= H. D. Ranganath =

Indian politician (born 1971)

H. D. Ranganath (born 28 July 1971) is an Indian politician from Karnataka. He is an MLA from Tumkur district representing Indian National Congress. He won the Kunigal Assembly constituency in the 2023 Karnataka Legislative Assembly election.

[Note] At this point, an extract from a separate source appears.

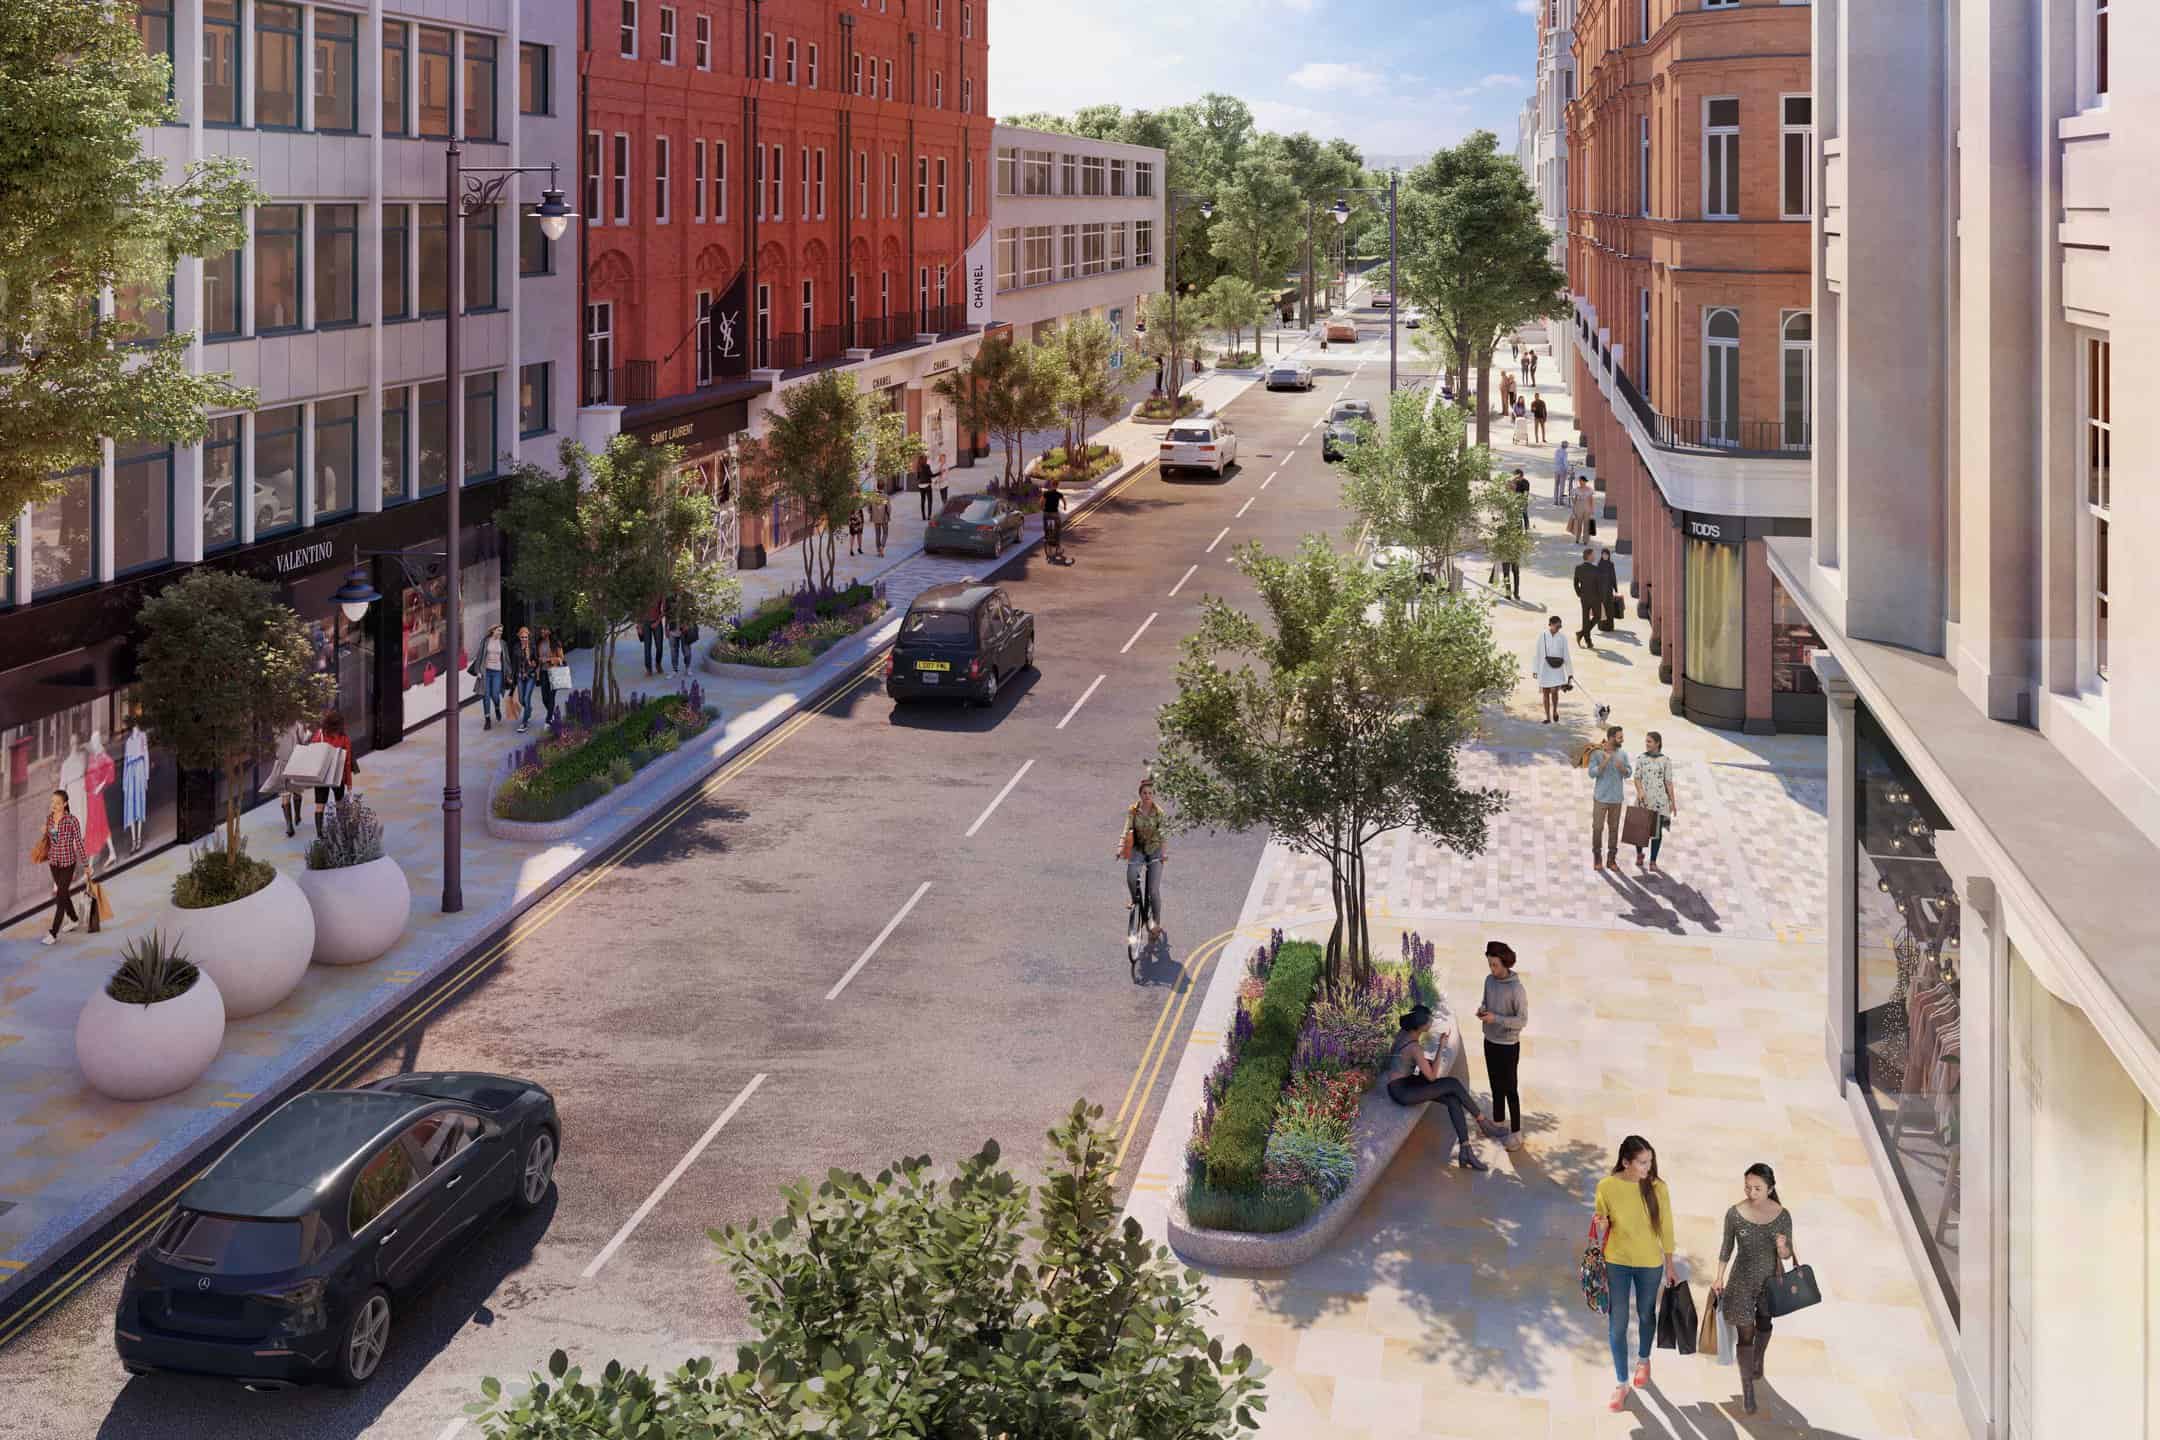 Delayed Sloane Street transformation to start, will see £46m spend
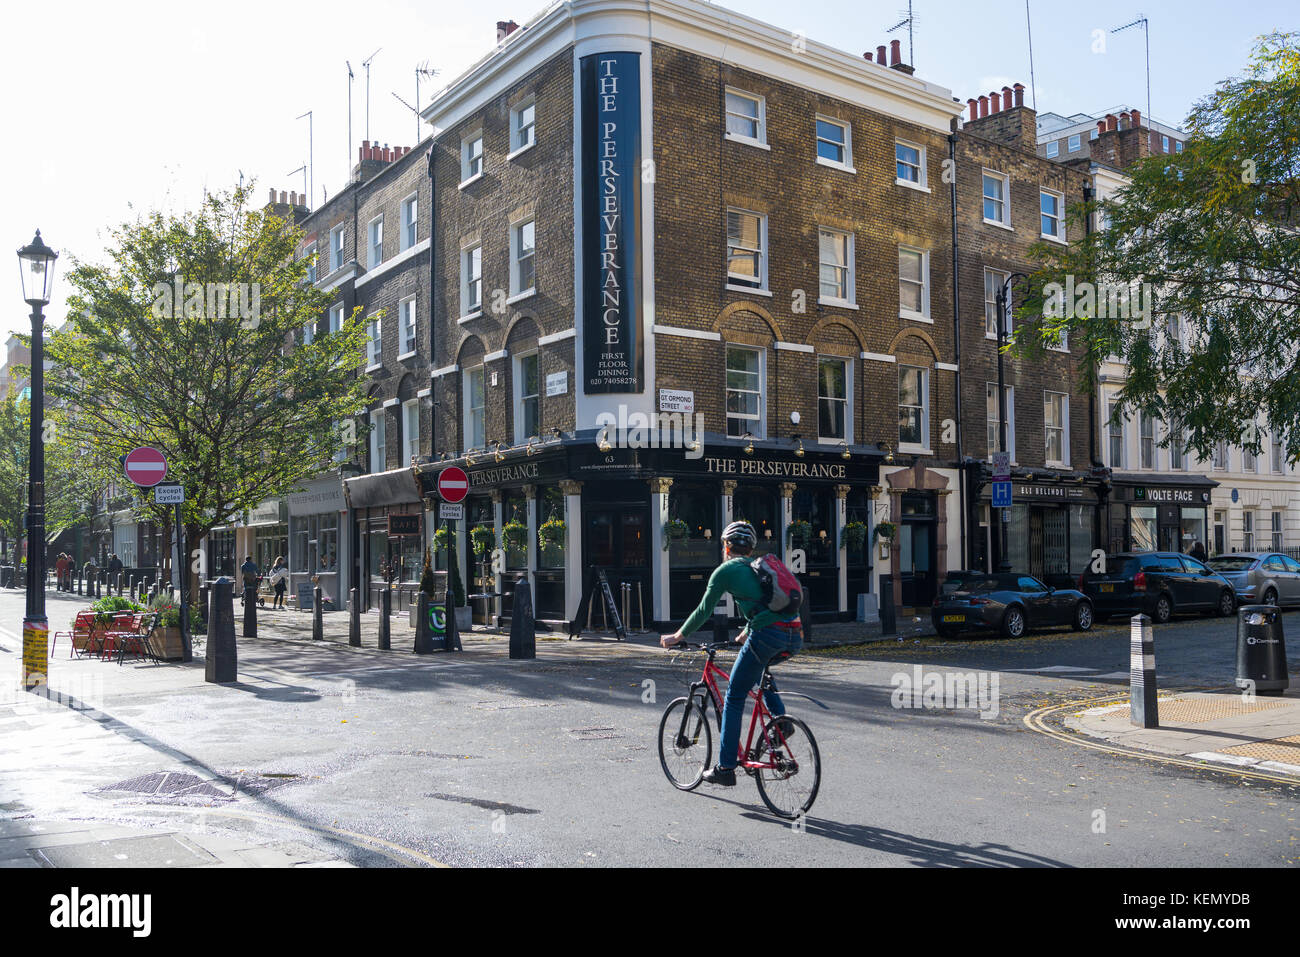 The Perseverance public house in Lambs Conduit Street, Bloomsbury, London. Stock Photo

== Early life and education ==
Ranganath is from Kunigal, Tumkur district of India. He is the son of H. R. Doddaiah. A medical doctor by profession, he completed his master’s degree in orthopaedics in 2001 from J.C. Medical College, Mysore. Earlier, he did his M.B.B.S. at Kempegowda Institute of Medical Sciences, Bangalore from 1989 to 1996. He also married a doctor.

== Career ==
Ranganath won from Kunigal Assembly constituency representing Indian National Congress in the 2023 Karnataka Legislative Assembly election. He polled 74,724 votes and defeated his nearest rival, D. Krishna Kumar of Bharatiya Janata Party, by a huge margin of 26,573 votes. Earlier, he contested the Kunigal seat representing Indian National Congress and became an MLA for the first time as he won the 2018 Karnataka Legislative Assembly election. He polled 58,697 votes and defeated his nearest rival, D. Krishna Kumar of Bharatiya Janata Party, by a margin of 5,600 votes.

He is a renowned doctor and has performed free surgeries to a couple of poor patients in his constituency.